:: Provided material ::
---------------

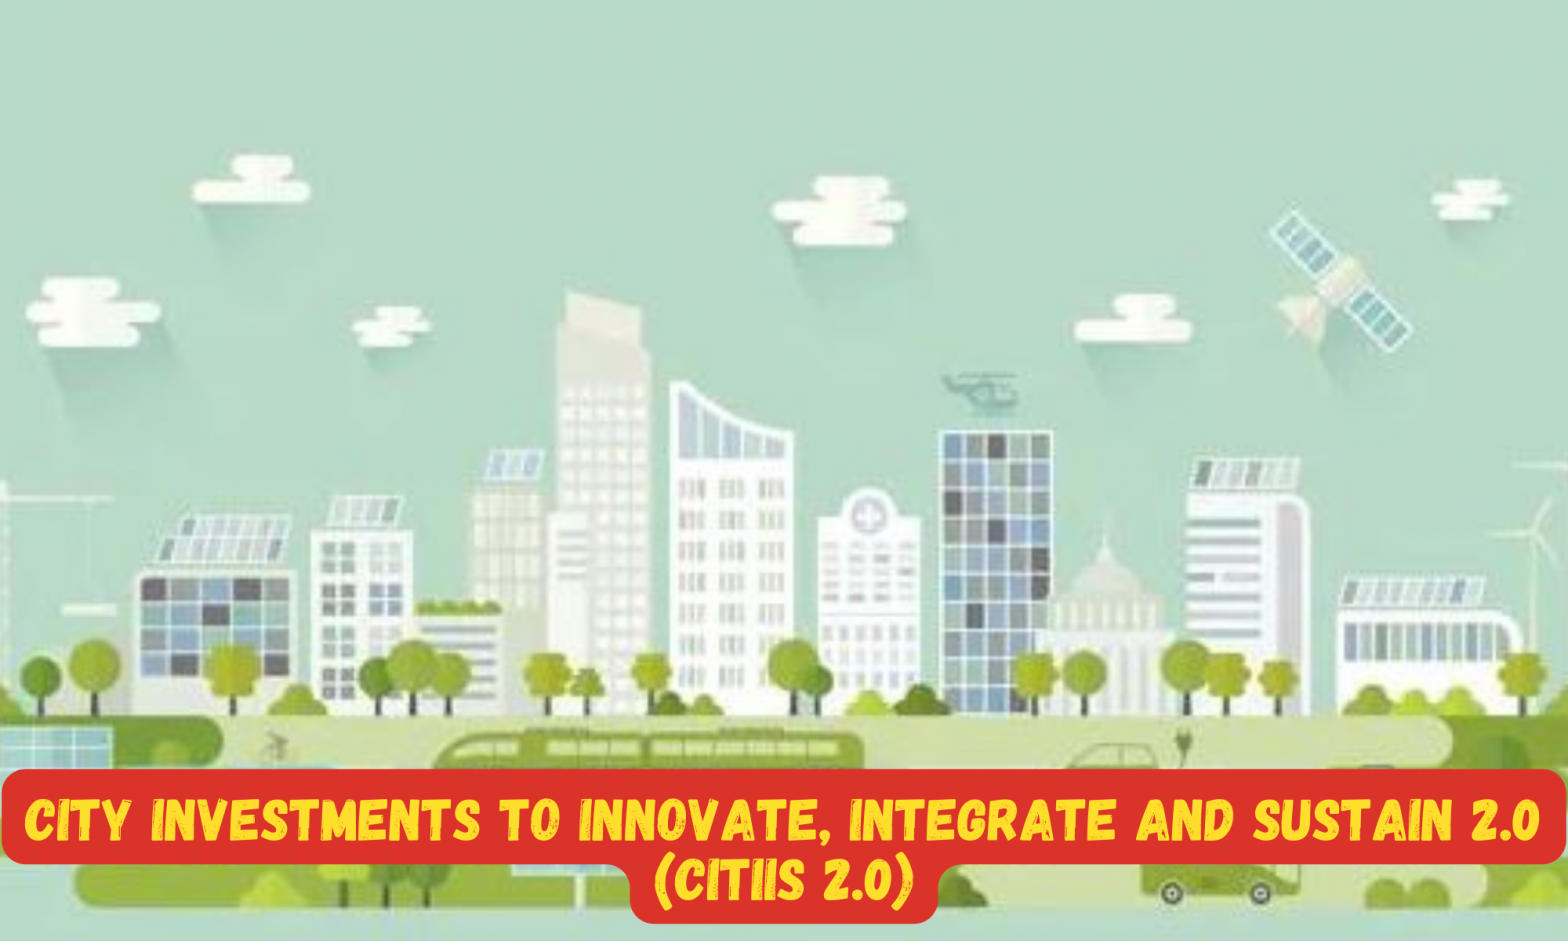 City Investments to Innovate, Integrate and Sustain 2.0 (CITIIS 2.0)
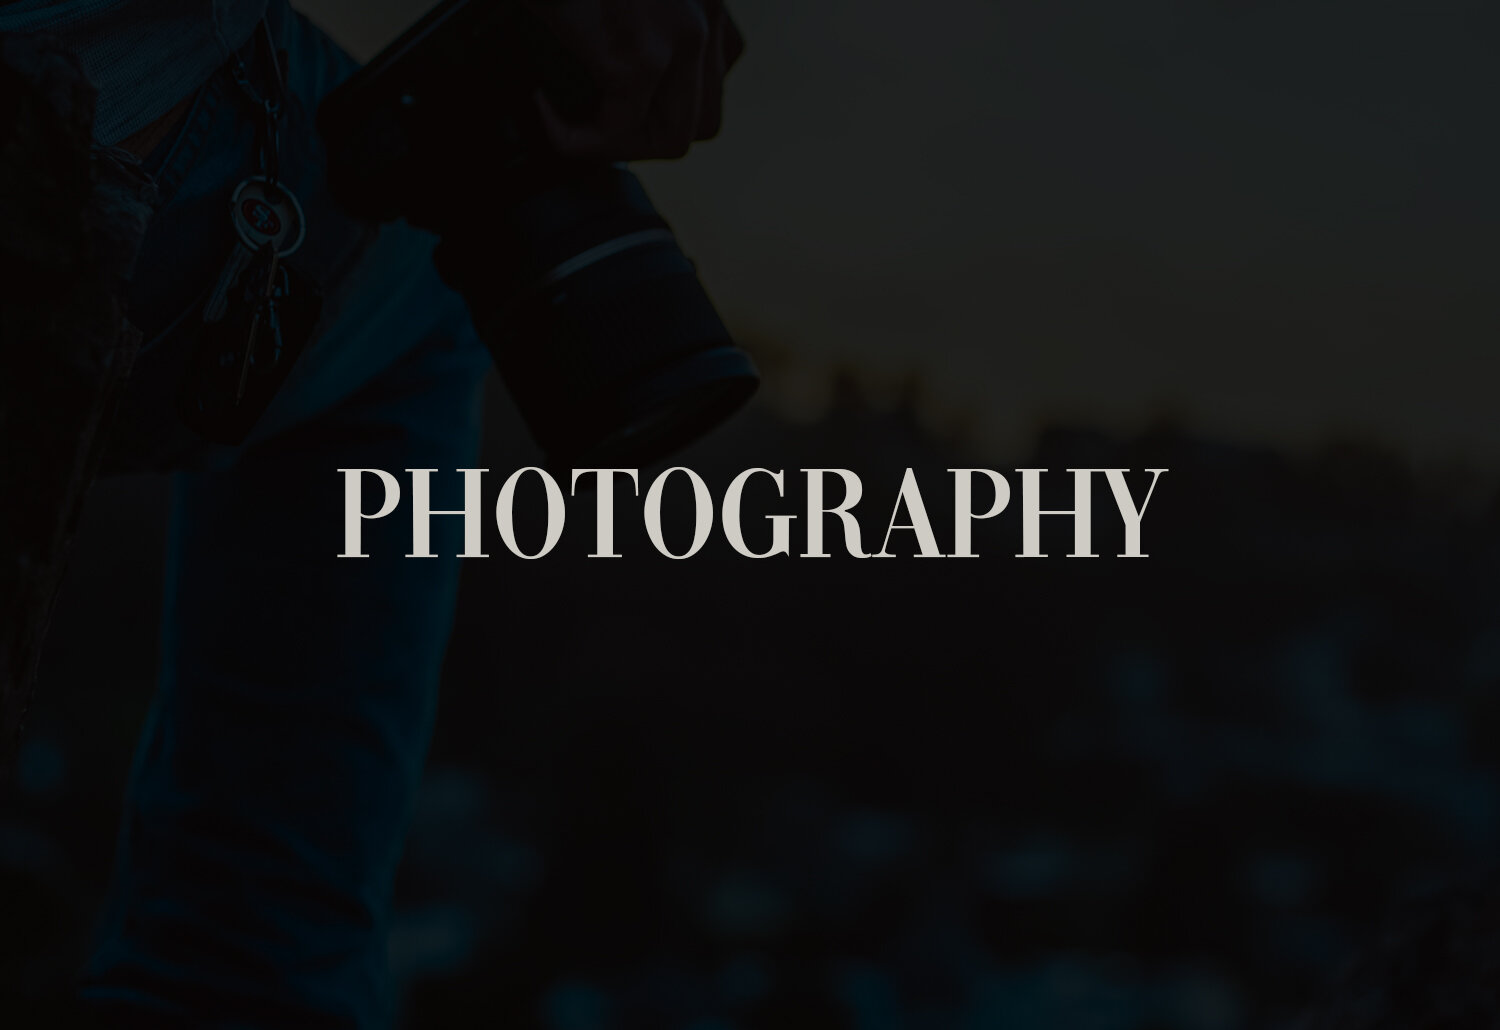  If you are in need of some photography, thirtythree visuals may be able to accomodate. Reach out and see if it is something we can help you with. 
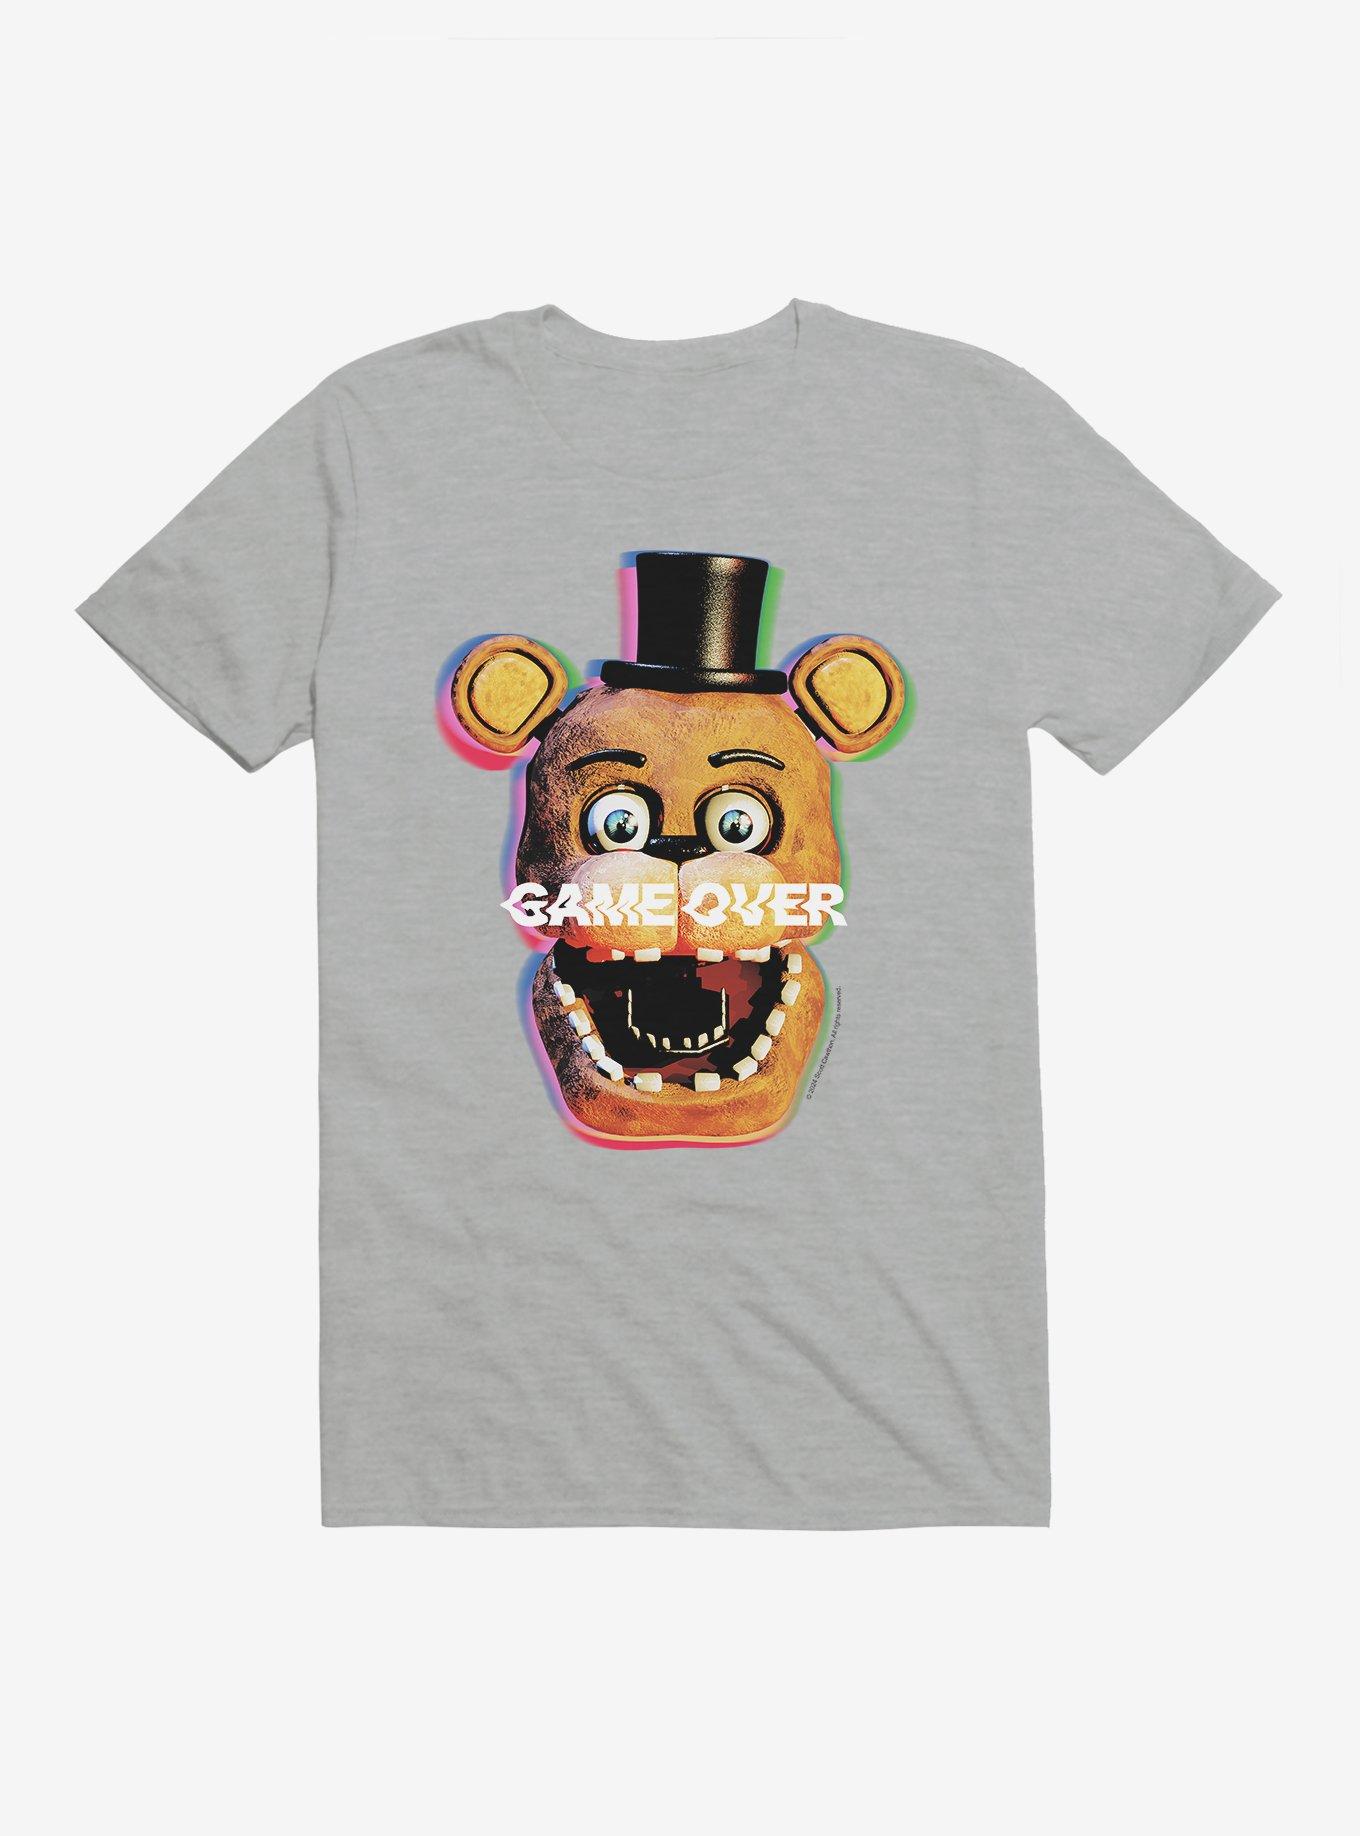 Five Nights At Freddy's Game Over Glitch T-Shirt, SPORT GRAY, hi-res

---------------

:: Task description ::
Restate each line above exactly, keeping pictures out.

:: Written response ::
 City Investments to Innovate, Integrate and Sustain 2.0 (CITIIS 2.0)
  If you are in need of some photography, thirtythree visuals may be able to accomodate. Reach out and see if it is something we can help you with. 
 Five Nights At Freddy's Game Over Glitch T-Shirt, SPORT GRAY, hi-res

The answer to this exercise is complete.